**PROBLEM DETAILS:** Every record that follows must be set down word for word.

**PROVIDED DATA:**
BEGIN

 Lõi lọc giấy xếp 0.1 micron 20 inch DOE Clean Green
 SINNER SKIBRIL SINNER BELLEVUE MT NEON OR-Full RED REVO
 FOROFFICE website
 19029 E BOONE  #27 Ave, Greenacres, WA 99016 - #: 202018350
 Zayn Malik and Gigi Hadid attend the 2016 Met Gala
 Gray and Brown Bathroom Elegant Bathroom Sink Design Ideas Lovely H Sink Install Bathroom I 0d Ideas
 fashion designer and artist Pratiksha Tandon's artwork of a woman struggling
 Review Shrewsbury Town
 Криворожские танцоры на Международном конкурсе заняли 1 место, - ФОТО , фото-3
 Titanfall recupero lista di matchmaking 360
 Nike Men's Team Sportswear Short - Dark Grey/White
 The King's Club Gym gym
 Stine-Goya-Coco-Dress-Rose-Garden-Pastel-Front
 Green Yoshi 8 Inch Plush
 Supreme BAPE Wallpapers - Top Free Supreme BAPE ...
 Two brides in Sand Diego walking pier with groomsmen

END

**EXERCISE RESPONSE:**
 Lõi lọc giấy xếp 0.1 micron 20 inch DOE Clean Green
 SINNER SKIBRIL SINNER BELLEVUE MT NEON OR-Full RED REVO
 FOROFFICE website
 19029 E BOONE  #27 Ave, Greenacres, WA 99016 - #: 202018350
 Zayn Malik and Gigi Hadid attend the 2016 Met Gala
 Gray and Brown Bathroom Elegant Bathroom Sink Design Ideas Lovely H Sink Install Bathroom I 0d Ideas
 fashion designer and artist Pratiksha Tandon's artwork of a woman struggling
 Review Shrewsbury Town
 Криворожские танцоры на Международном конкурсе заняли 1 место, - ФОТО , фото-3
 Titanfall recupero lista di matchmaking 360
 Nike Men's Team Sportswear Short - Dark Grey/White
 The King's Club Gym gym
 Stine-Goya-Coco-Dress-Rose-Garden-Pastel-Front
 Green Yoshi 8 Inch Plush
 Supreme BAPE Wallpapers - Top Free Supreme BAPE ...
 Two brides in Sand Diego walking pier with groomsmen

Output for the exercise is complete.